*ASSIGNED TASK*:
Exactly as written, print every line of the listing below and omit its pictures.

*DATA SEGMENT*:
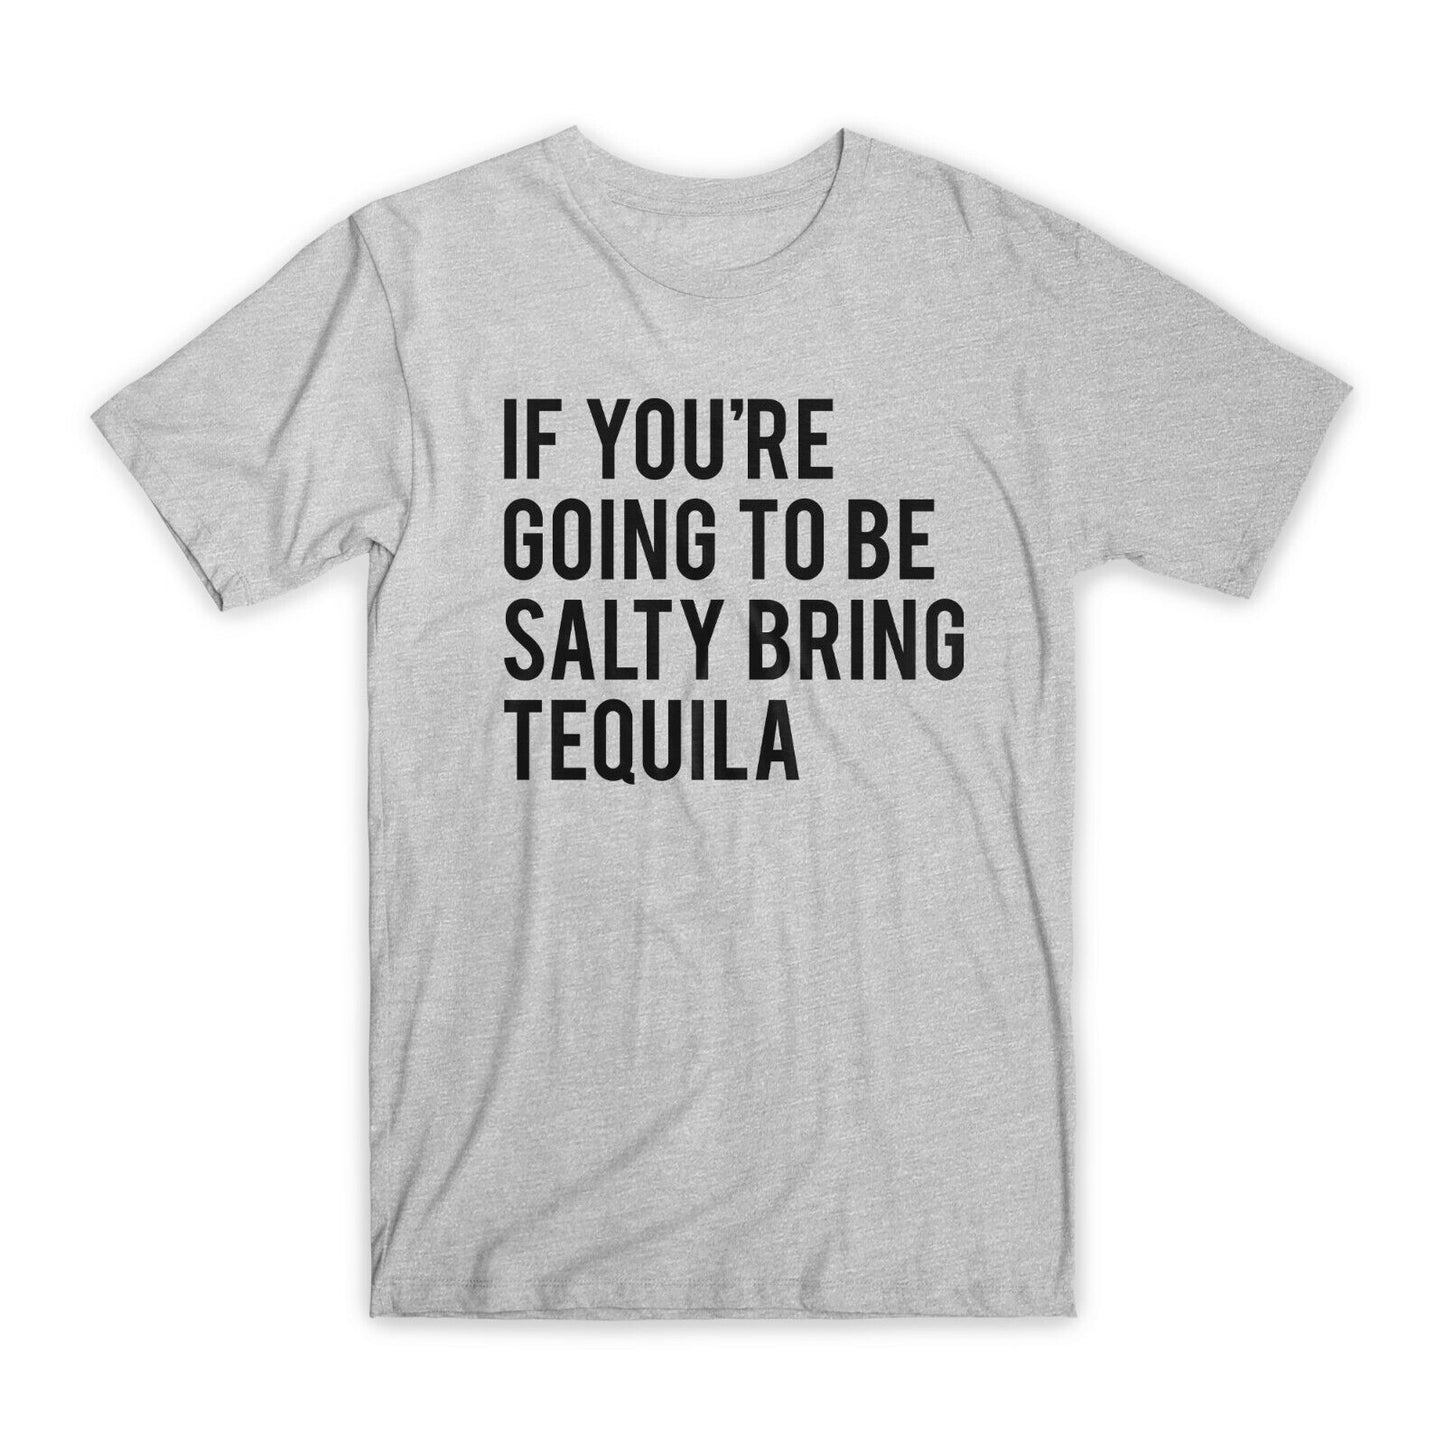 If You're Going To Be Salty Bring Tequila T-Shirt Premium Cotton Funny Tees NEW
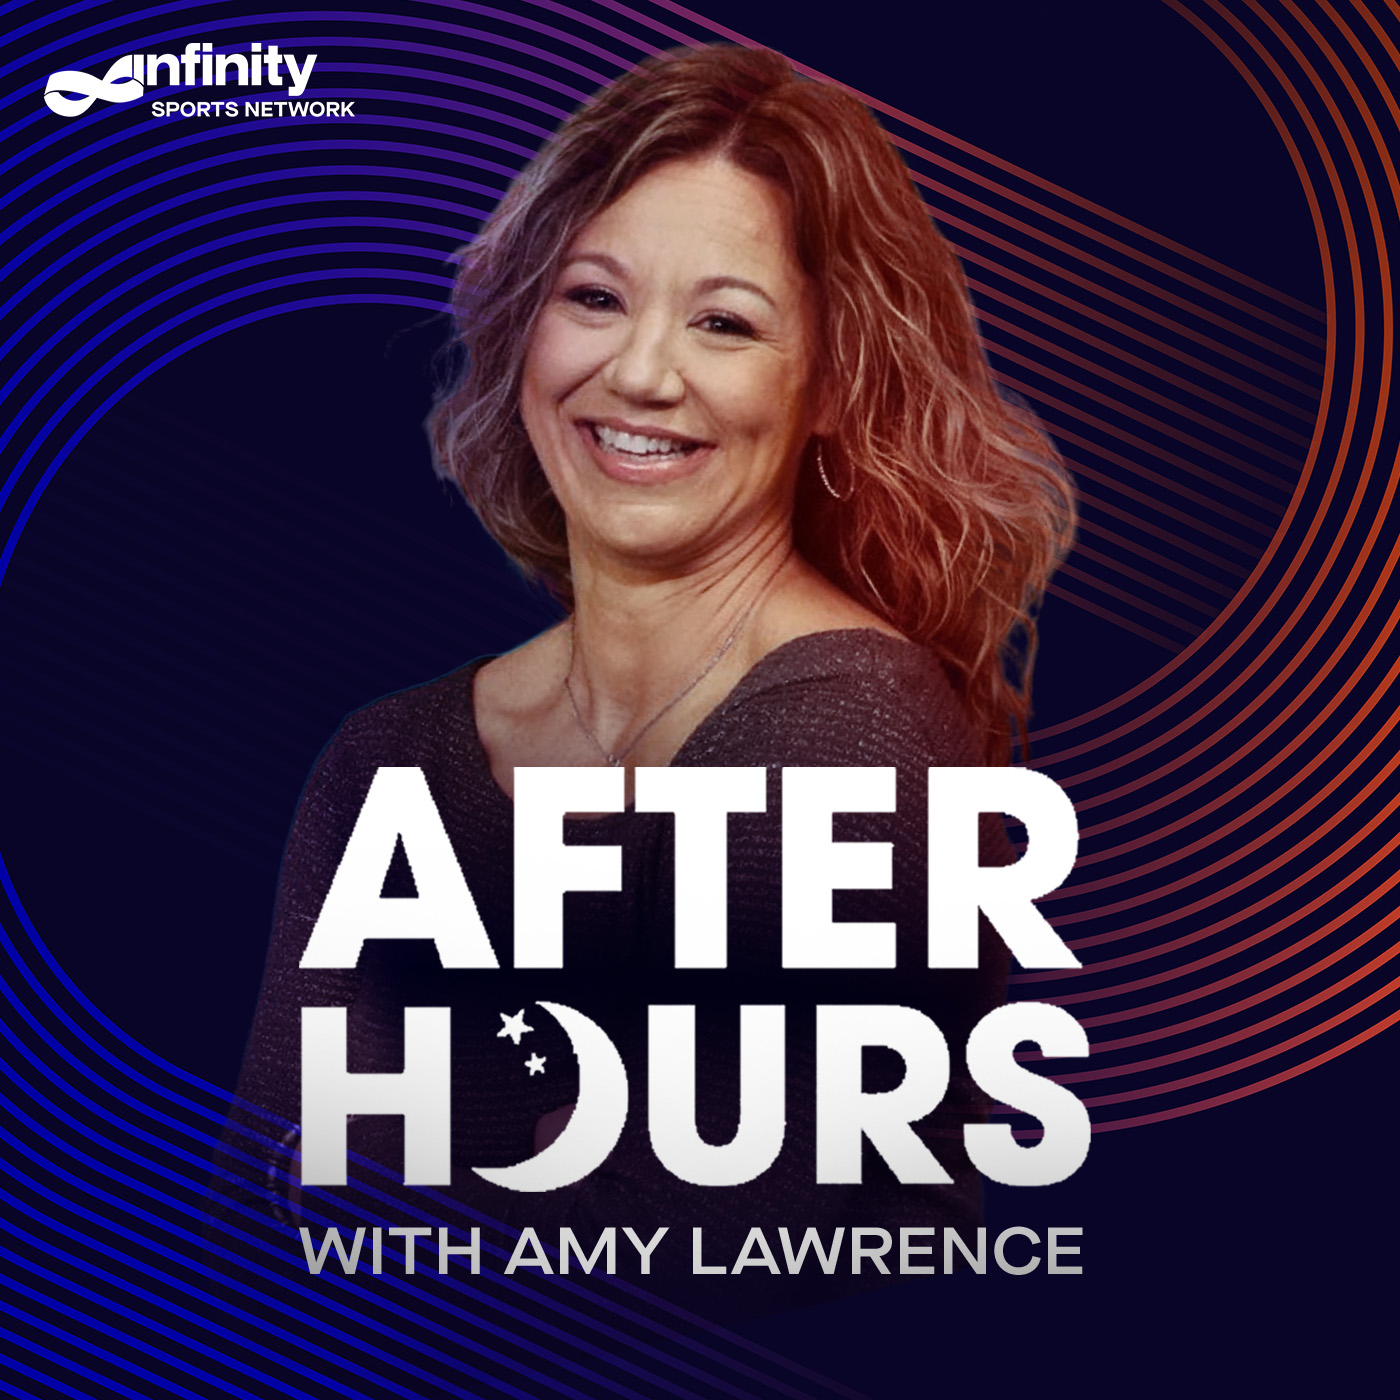 10-20-21 After Hours with Amy Lawrence PODCAST: Hour 2
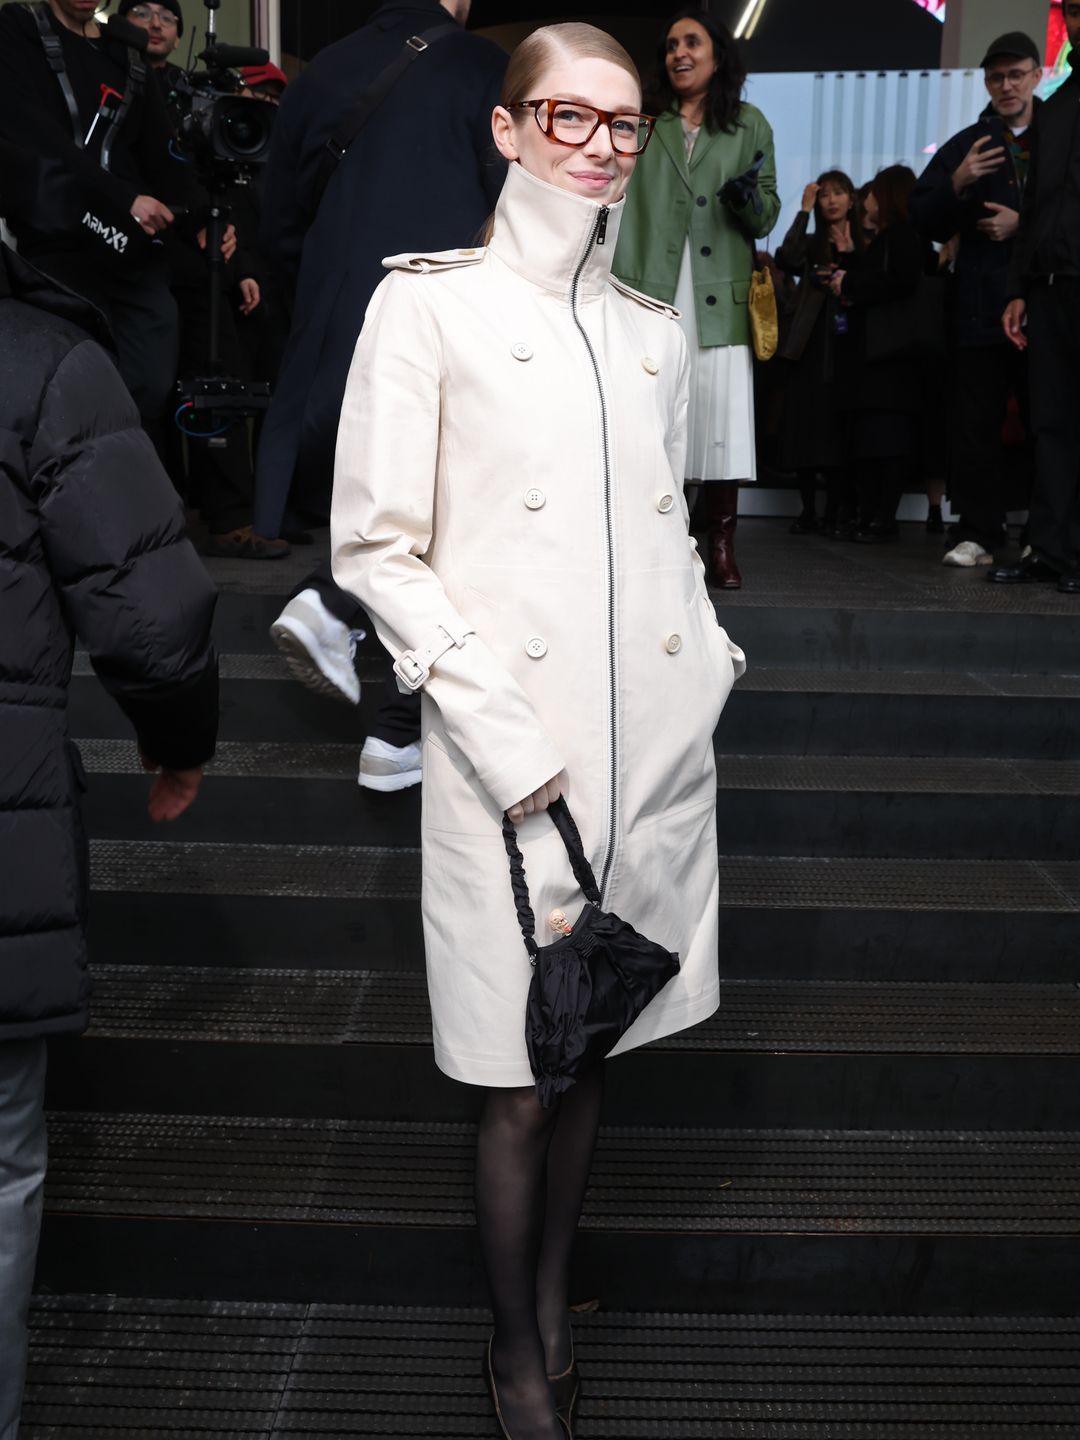 Hunter Schafer is seen arriving at the Prada fashion show in a zip-up trench coat, tights and heels

*EXERCISE ANSWER*:
 If You're Going To Be Salty Bring Tequila T-Shirt Premium Cotton Funny Tees NEW
 10-20-21 After Hours with Amy Lawrence PODCAST: Hour 2
 Hunter Schafer is seen arriving at the Prada fashion show in a zip-up trench coat, tights and heels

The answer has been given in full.